[Items from a dataset]
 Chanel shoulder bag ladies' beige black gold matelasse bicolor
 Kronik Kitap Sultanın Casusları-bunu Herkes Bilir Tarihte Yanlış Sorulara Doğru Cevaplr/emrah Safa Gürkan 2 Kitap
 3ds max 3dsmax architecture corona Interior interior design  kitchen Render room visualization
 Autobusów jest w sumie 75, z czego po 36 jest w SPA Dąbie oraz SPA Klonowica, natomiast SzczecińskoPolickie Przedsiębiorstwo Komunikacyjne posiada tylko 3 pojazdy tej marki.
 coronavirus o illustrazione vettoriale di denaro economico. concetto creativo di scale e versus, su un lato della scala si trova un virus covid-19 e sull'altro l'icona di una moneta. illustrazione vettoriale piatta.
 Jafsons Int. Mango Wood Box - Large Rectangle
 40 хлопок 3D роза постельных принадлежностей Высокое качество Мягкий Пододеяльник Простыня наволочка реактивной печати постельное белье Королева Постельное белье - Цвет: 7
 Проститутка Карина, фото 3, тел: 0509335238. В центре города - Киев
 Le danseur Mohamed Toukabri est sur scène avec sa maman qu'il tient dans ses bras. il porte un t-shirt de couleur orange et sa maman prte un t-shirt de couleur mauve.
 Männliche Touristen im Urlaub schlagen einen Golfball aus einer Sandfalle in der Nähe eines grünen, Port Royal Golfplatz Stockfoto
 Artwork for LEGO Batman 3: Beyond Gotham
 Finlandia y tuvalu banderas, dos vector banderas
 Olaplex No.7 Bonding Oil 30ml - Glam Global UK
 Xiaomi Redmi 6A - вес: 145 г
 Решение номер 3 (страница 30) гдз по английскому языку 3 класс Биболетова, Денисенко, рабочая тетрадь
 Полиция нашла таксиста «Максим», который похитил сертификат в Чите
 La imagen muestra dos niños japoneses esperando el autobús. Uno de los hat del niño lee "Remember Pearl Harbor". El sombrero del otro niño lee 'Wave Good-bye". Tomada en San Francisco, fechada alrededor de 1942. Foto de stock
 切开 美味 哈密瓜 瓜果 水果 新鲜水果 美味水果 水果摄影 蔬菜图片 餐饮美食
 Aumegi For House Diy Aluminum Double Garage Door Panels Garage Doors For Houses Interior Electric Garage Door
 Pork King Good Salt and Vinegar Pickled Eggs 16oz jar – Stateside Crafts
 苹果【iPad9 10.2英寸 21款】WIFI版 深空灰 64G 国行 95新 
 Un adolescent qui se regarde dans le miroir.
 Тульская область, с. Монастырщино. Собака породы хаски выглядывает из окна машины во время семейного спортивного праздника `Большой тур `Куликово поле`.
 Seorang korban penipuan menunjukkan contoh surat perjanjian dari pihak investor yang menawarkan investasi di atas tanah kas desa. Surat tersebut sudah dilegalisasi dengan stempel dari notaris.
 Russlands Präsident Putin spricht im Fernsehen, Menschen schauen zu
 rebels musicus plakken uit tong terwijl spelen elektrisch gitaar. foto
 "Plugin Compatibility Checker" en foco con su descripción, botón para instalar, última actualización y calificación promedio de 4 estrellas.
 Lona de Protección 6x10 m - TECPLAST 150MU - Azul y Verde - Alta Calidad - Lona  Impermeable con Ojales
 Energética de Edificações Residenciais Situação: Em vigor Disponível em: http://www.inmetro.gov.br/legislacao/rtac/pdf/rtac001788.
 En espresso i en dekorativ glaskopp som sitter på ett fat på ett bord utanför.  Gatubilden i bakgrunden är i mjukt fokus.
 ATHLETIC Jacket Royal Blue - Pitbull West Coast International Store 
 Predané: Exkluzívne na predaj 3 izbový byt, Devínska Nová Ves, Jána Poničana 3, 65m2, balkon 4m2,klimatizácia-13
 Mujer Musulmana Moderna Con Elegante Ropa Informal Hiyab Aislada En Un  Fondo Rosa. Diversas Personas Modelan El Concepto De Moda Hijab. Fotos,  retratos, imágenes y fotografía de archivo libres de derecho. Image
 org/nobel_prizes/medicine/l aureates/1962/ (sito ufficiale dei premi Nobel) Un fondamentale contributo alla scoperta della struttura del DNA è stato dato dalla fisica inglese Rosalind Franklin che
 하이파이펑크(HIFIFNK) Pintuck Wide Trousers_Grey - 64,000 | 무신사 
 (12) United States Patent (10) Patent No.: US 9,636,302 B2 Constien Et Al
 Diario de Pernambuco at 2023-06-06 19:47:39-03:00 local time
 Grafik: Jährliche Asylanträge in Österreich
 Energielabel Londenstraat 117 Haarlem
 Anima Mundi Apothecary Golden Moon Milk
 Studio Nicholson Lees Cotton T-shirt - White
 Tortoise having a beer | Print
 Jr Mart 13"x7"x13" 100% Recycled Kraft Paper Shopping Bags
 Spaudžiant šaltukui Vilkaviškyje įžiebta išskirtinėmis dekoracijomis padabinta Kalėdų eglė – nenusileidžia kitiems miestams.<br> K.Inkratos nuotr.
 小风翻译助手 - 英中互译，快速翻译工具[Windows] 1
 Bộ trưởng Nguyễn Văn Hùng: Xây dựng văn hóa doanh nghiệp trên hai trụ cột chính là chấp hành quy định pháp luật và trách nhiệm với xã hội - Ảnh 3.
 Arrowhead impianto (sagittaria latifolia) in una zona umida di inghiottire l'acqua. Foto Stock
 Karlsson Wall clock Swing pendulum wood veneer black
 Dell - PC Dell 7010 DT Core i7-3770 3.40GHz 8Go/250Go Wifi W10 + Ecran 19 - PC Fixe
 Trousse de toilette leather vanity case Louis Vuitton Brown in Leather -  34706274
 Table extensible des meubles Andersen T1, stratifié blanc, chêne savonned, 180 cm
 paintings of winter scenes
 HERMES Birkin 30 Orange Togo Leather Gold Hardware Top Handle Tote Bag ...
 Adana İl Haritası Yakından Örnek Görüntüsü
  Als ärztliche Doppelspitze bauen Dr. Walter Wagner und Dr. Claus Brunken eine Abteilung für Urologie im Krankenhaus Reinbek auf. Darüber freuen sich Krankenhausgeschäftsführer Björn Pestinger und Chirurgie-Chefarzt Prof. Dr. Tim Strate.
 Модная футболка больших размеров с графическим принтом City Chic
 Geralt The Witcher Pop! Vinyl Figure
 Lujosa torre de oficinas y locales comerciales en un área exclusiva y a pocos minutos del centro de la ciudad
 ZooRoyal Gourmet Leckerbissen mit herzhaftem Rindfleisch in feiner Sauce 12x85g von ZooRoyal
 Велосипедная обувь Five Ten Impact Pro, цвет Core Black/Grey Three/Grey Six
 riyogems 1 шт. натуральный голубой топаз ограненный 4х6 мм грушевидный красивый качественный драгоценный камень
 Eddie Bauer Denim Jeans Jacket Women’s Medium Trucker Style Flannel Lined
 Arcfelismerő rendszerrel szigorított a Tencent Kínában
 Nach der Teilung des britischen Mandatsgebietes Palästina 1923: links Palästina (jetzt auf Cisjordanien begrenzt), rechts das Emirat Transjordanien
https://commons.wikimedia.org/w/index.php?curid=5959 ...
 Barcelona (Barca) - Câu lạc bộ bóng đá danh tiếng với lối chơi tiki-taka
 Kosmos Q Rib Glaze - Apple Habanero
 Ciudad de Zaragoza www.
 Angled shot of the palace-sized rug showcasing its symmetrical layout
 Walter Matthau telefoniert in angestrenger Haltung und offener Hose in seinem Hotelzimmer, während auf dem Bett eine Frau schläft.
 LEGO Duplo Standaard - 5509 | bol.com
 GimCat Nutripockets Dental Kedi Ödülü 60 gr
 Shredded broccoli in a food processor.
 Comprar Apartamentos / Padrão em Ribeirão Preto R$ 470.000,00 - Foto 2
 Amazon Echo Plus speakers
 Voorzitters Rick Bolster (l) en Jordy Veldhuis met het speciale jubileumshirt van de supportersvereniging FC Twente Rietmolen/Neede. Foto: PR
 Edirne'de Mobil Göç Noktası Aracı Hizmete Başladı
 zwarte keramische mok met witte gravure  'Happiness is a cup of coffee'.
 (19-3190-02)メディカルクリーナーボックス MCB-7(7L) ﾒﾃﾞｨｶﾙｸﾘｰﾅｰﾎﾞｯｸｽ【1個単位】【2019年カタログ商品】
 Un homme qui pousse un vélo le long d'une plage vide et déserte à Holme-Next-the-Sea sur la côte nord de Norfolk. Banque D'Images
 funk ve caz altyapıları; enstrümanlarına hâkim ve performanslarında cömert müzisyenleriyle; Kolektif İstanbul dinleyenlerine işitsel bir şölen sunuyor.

## Exercise
Would you copy out exactly the lines above that start at the one containing "Pork King Good" and end at the one containing "Energética de Edificações", inclusive?

## Solved exercise
 Pork King Good Salt and Vinegar Pickled Eggs 16oz jar – Stateside Crafts
 苹果【iPad9 10.2英寸 21款】WIFI版 深空灰 64G 国行 95新 
 Un adolescent qui se regarde dans le miroir.
 Тульская область, с. Монастырщино. Собака породы хаски выглядывает из окна машины во время семейного спортивного праздника `Большой тур `Куликово поле`.
 Seorang korban penipuan menunjukkan contoh surat perjanjian dari pihak investor yang menawarkan investasi di atas tanah kas desa. Surat tersebut sudah dilegalisasi dengan stempel dari notaris.
 Russlands Präsident Putin spricht im Fernsehen, Menschen schauen zu
 rebels musicus plakken uit tong terwijl spelen elektrisch gitaar. foto
 "Plugin Compatibility Checker" en foco con su descripción, botón para instalar, última actualización y calificación promedio de 4 estrellas.
 Lona de Protección 6x10 m - TECPLAST 150MU - Azul y Verde - Alta Calidad - Lona  Impermeable con Ojales
 Energética de Edificações Residenciais Situação: Em vigor Disponível em: http://www.inmetro.gov.br/legislacao/rtac/pdf/rtac001788.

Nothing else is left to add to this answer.